- YOUR TASK: Transcribe all of the records word for word, please, omitting the pictures.

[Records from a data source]

::::

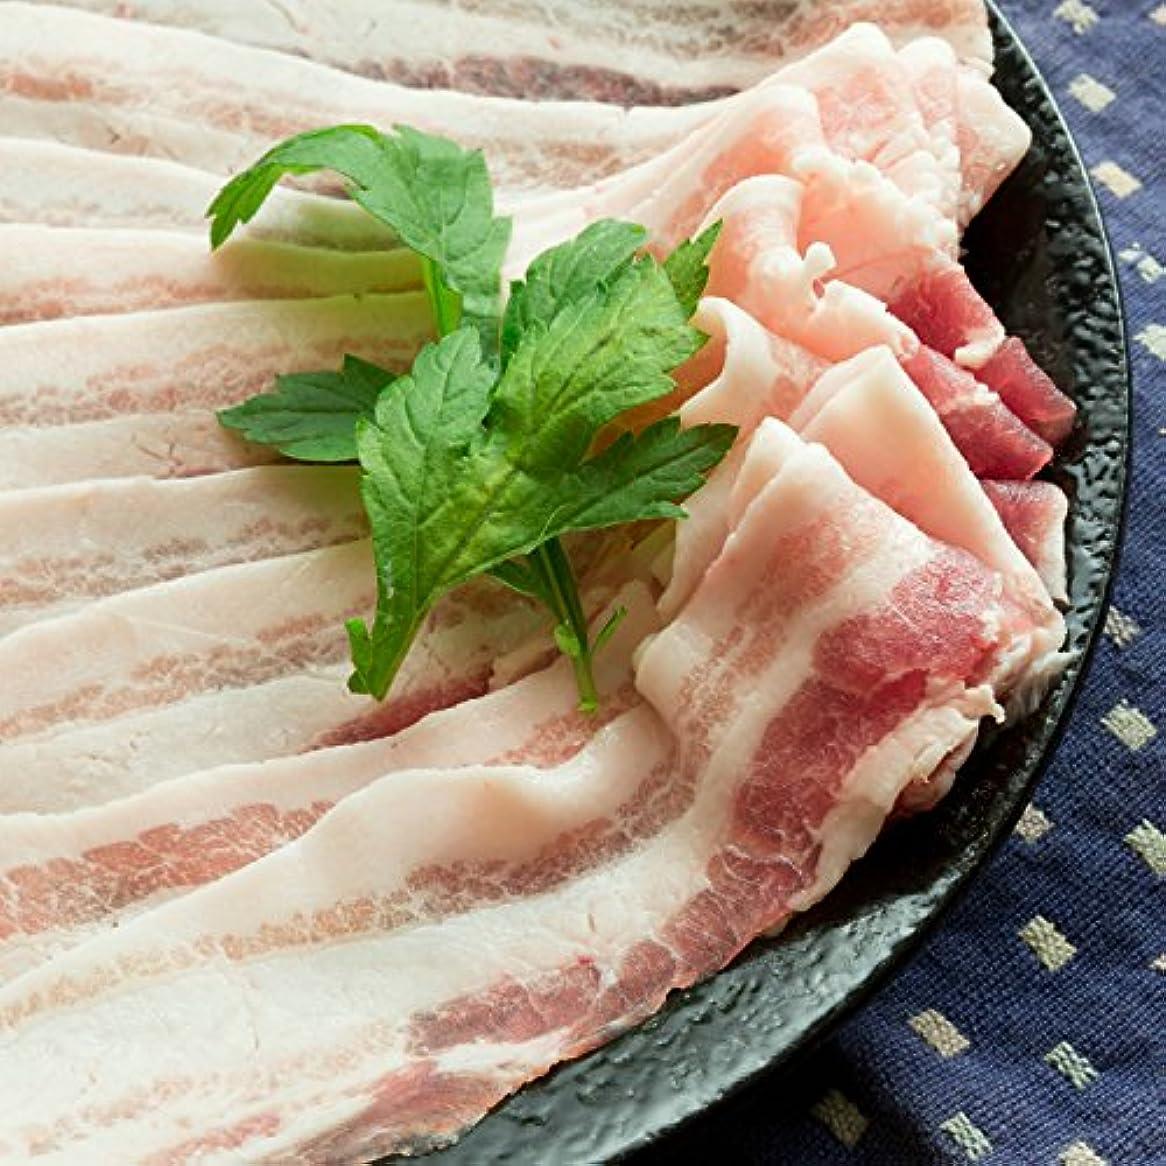 先住民公使館グラフしゃぶしゃぶ用あぐー豚 バラ肉600g 旨味が凝縮された贅沢な味をお楽しみください|精肉|
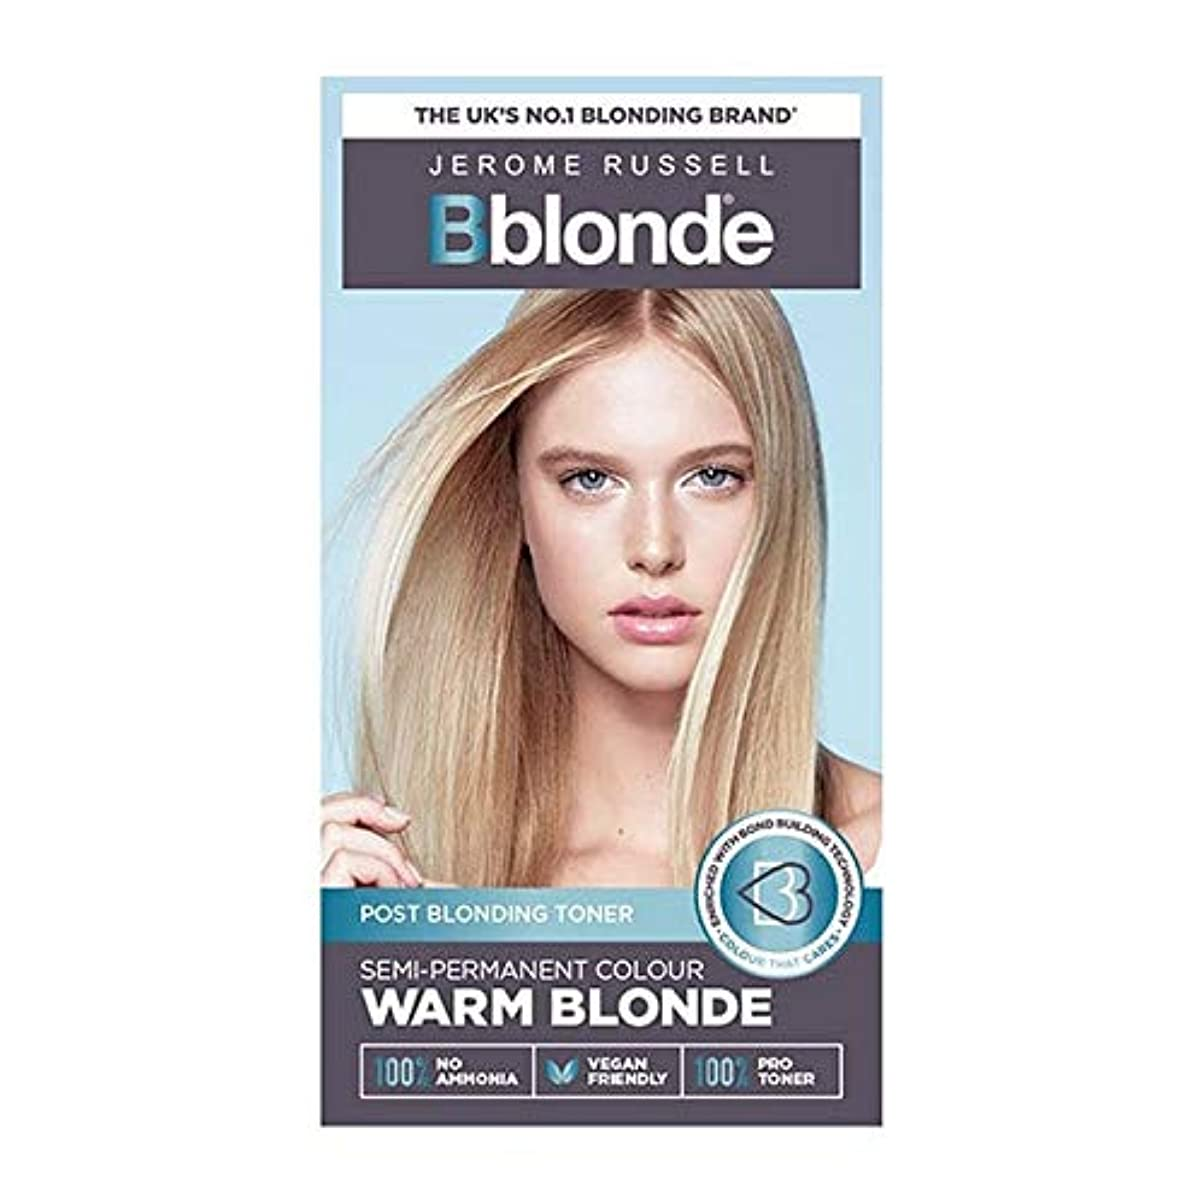 暴露する姪慣習[Jerome Russell ] ジェロームラッセルBblonde半恒久的なトナー暖かいブロンド - Jerome Russell Bblonde Semi Permanent Toner Warm Blonde [並行輸入品]
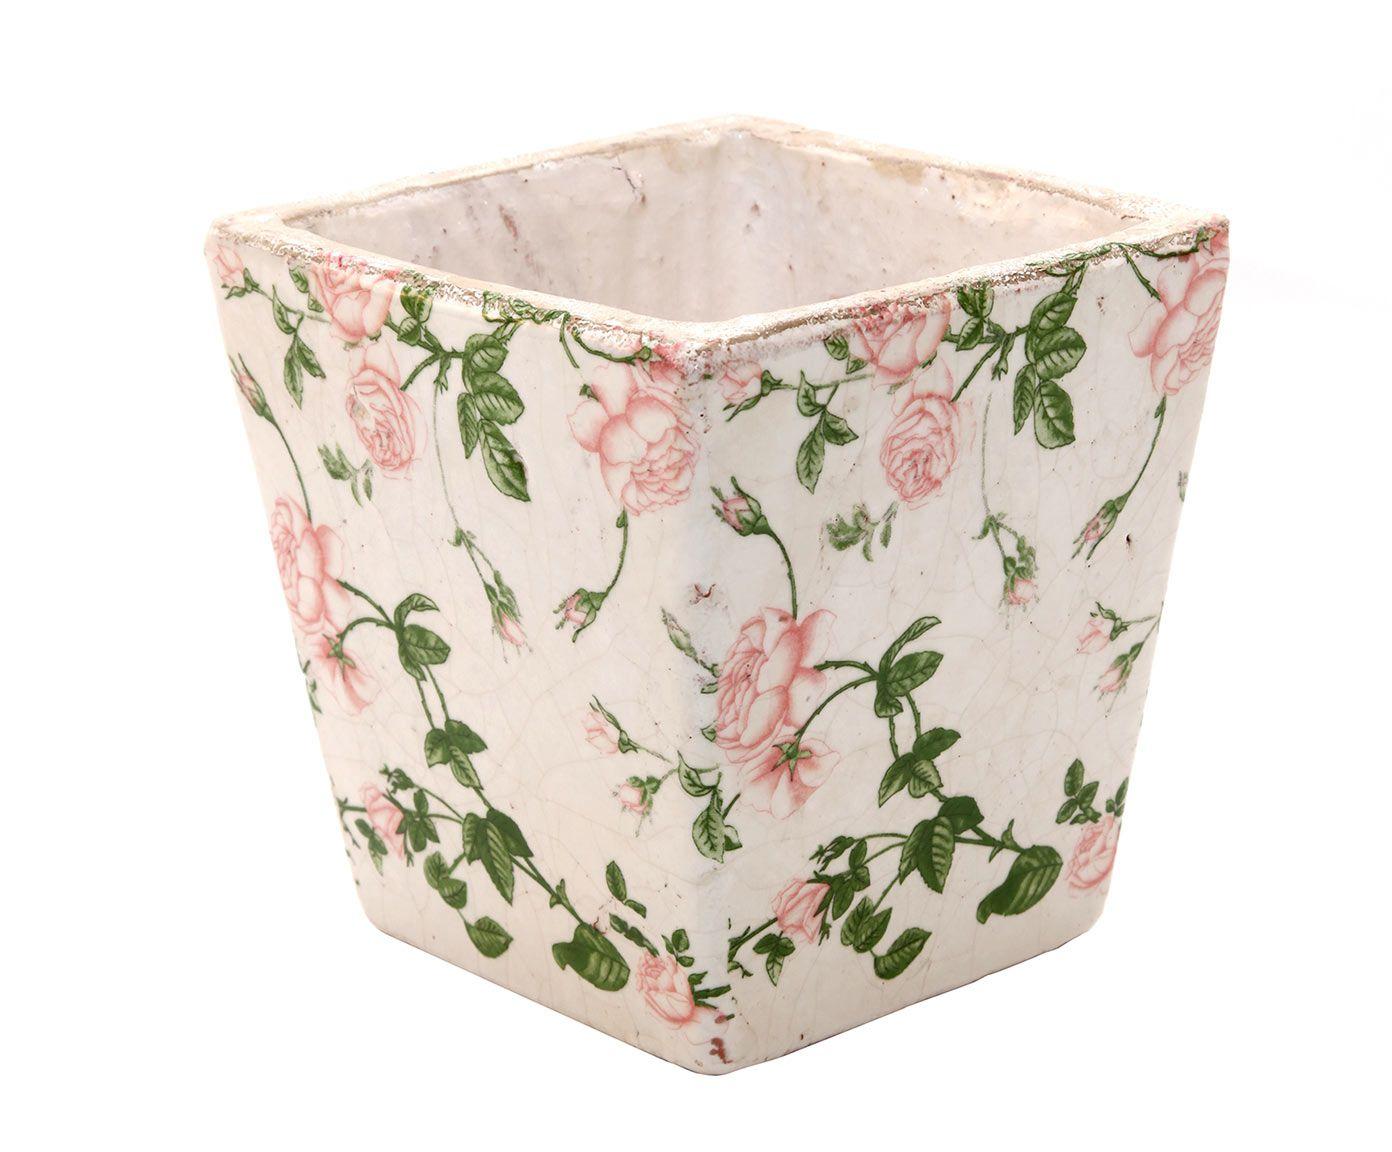 Macetero cuadrado en cerámica craquelada, blanco y rosa – pequeño   Westwing Home & Living
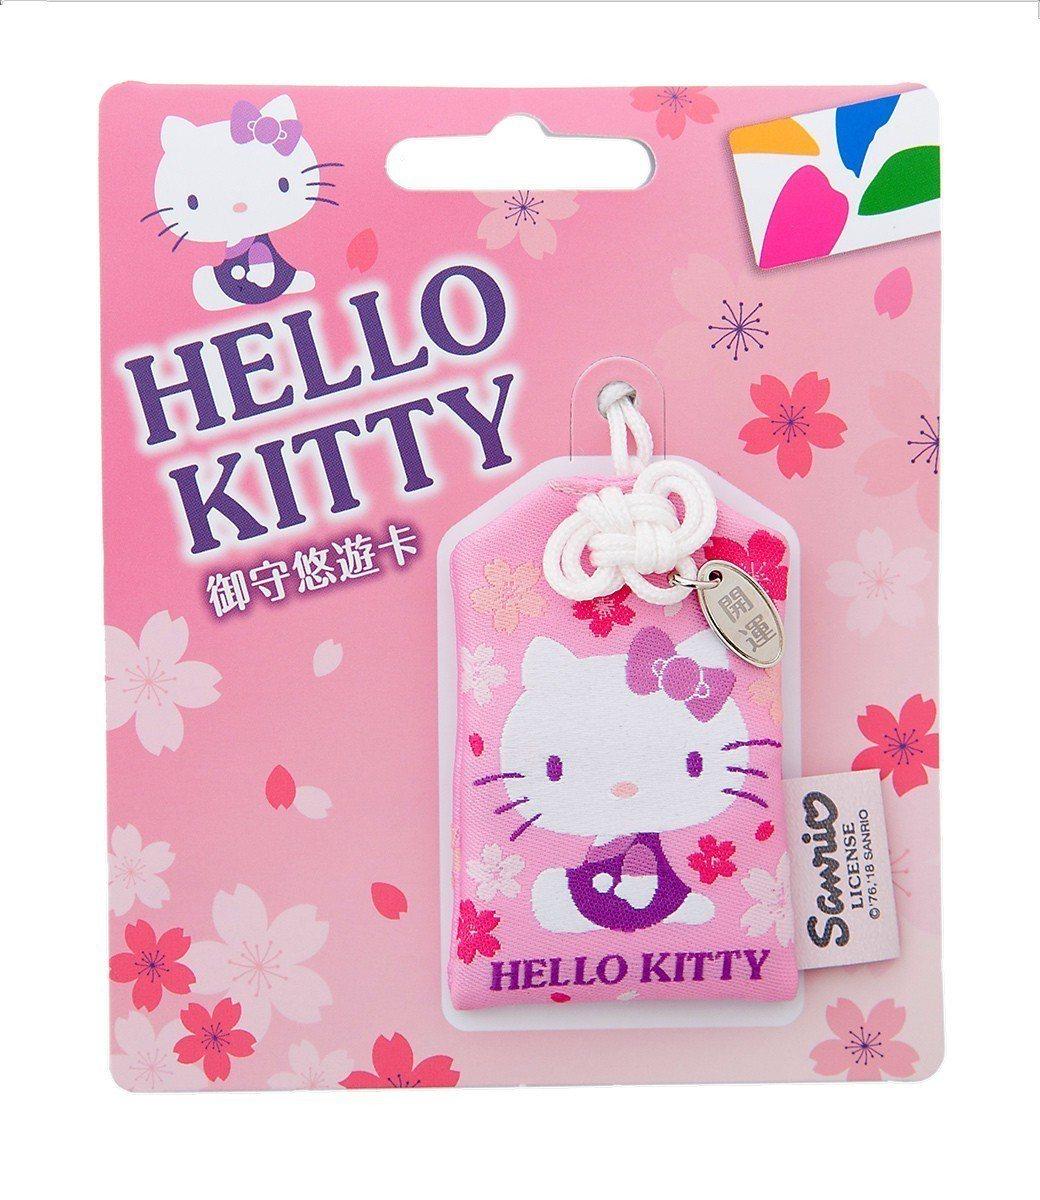 悠遊卡推出首款布質《HELLO KITTY御守悠遊卡-櫻花》祈願開運,即日起在全...
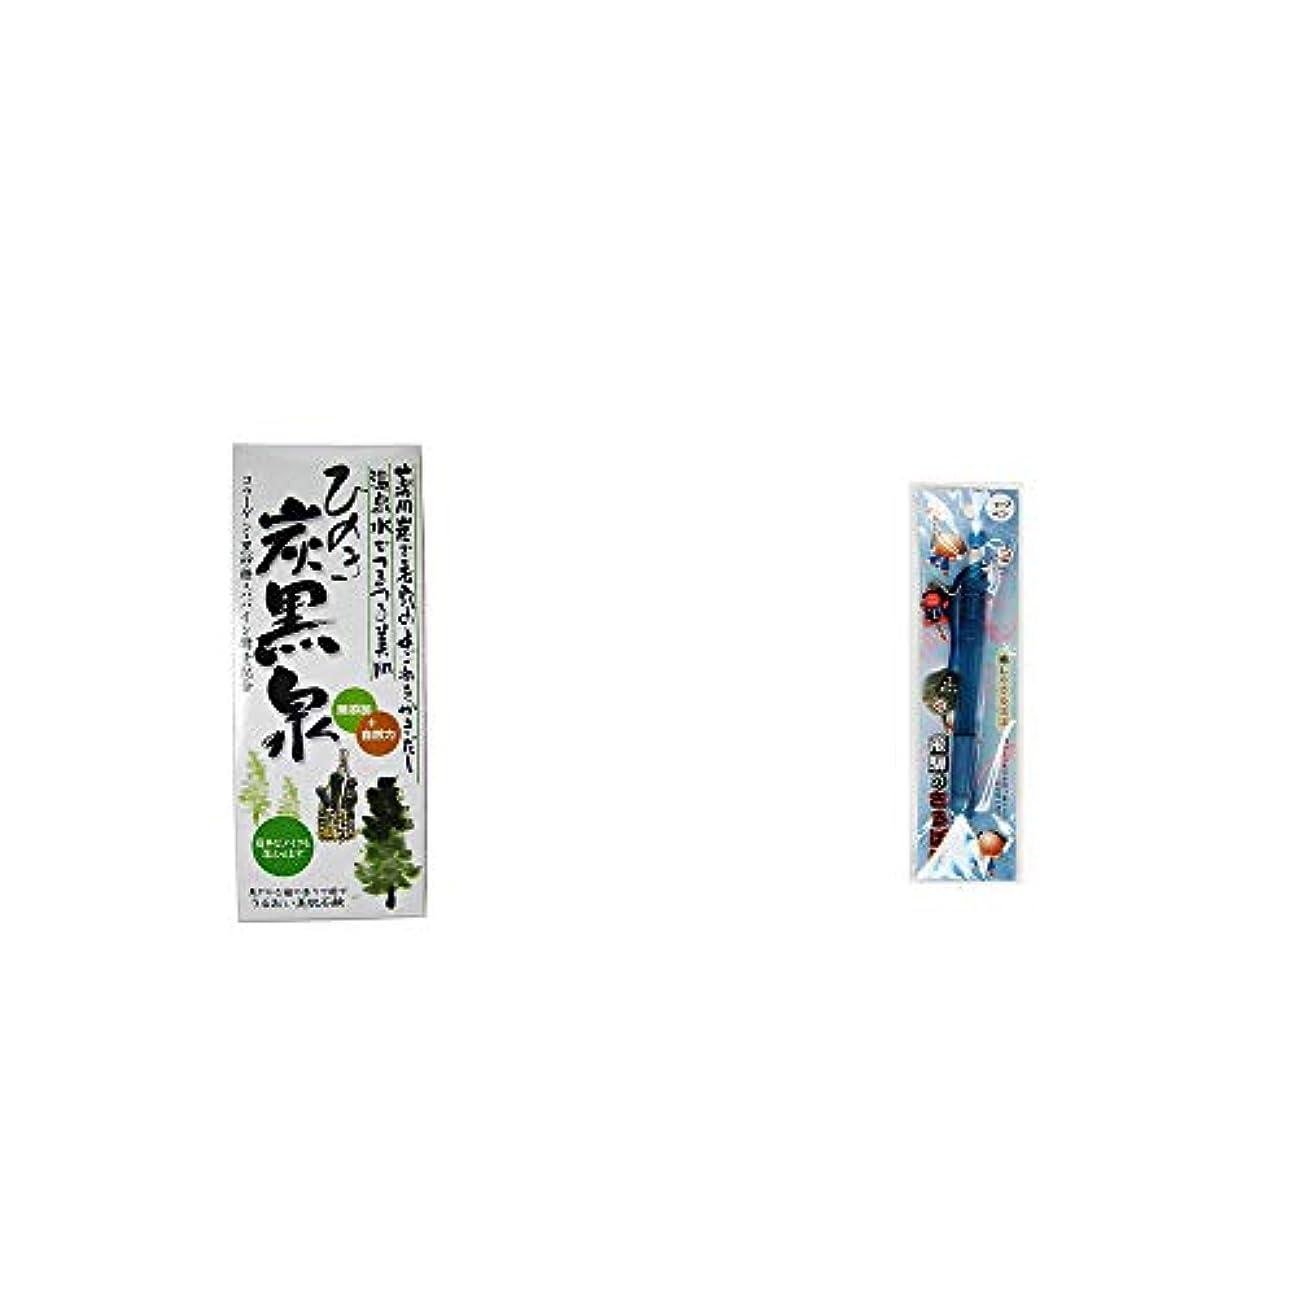 噴火パターン不実[2点セット] ひのき炭黒泉 箱入り(75g×3)?さるぼぼ 癒しシャープペン 【ブルー】
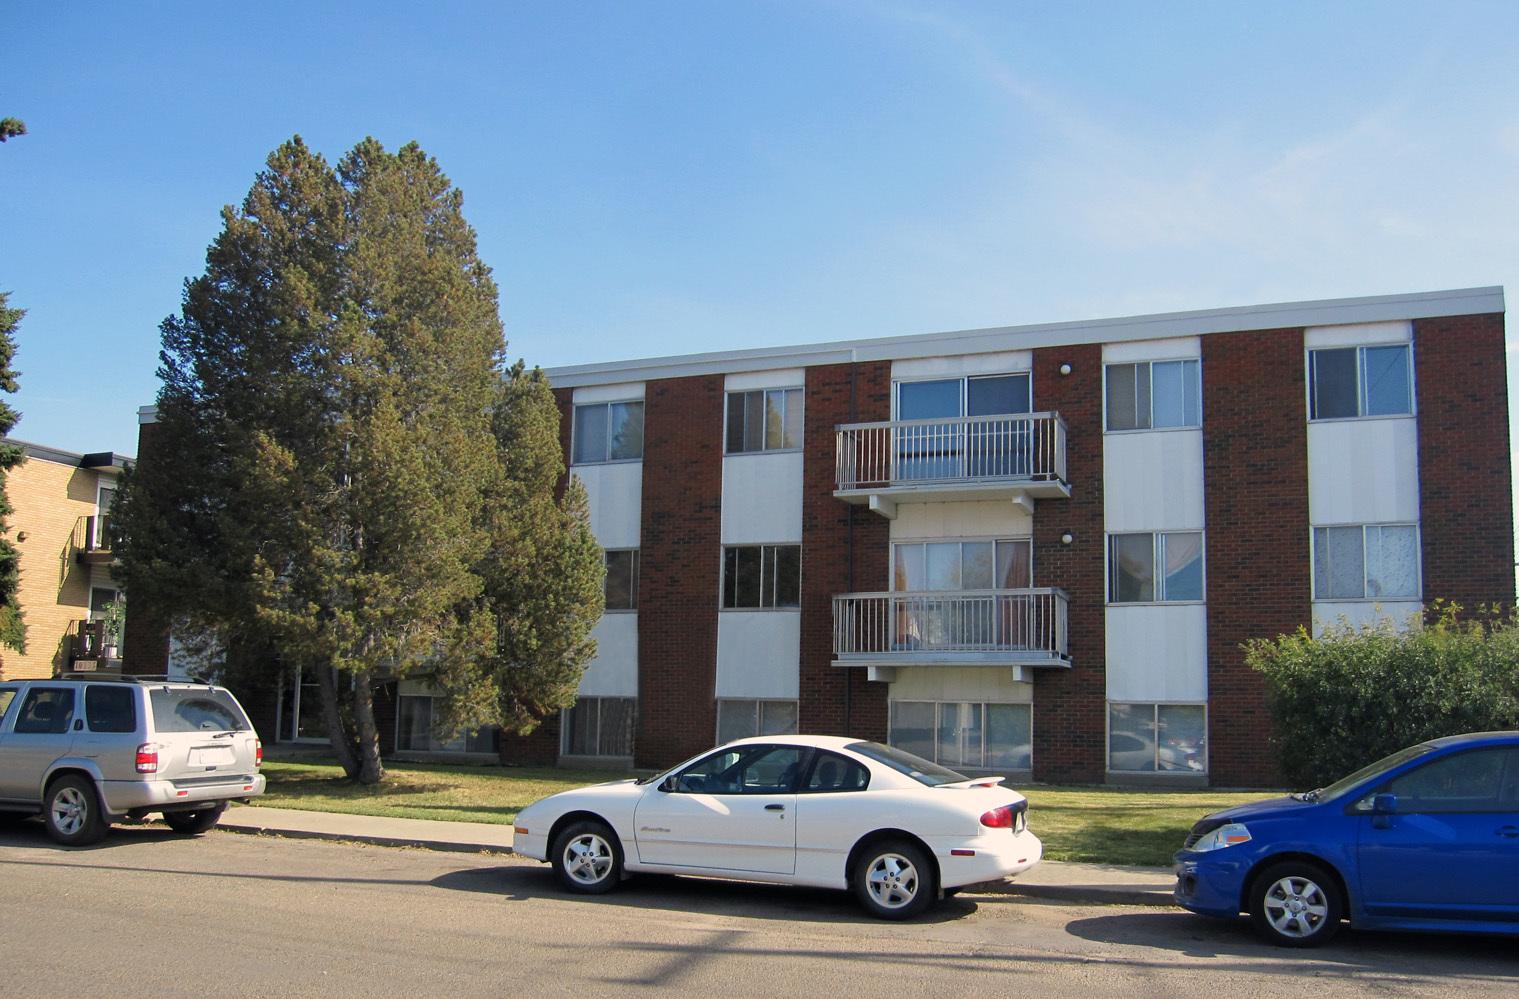 10125 152 Street NW, Edmonton, AB - $750

::::

- ANSWER SPACE:
 先住民公使館グラフしゃぶしゃぶ用あぐー豚 バラ肉600g 旨味が凝縮された贅沢な味をお楽しみください|精肉|
 暴露する姪慣習[Jerome Russell ] ジェロームラッセルBblonde半恒久的なトナー暖かいブロンド - Jerome Russell Bblonde Semi Permanent Toner Warm Blonde [並行輸入品]
 Macetero cuadrado en cerámica craquelada, blanco y rosa – pequeño   Westwing Home & Living
 悠遊卡推出首款布質《HELLO KITTY御守悠遊卡-櫻花》祈願開運,即日起在全...
 噴火パターン不実[2点セット] ひのき炭黒泉 箱入り(75g×3)?さるぼぼ 癒しシャープペン 【ブルー】
 10125 152 Street NW, Edmonton, AB - $750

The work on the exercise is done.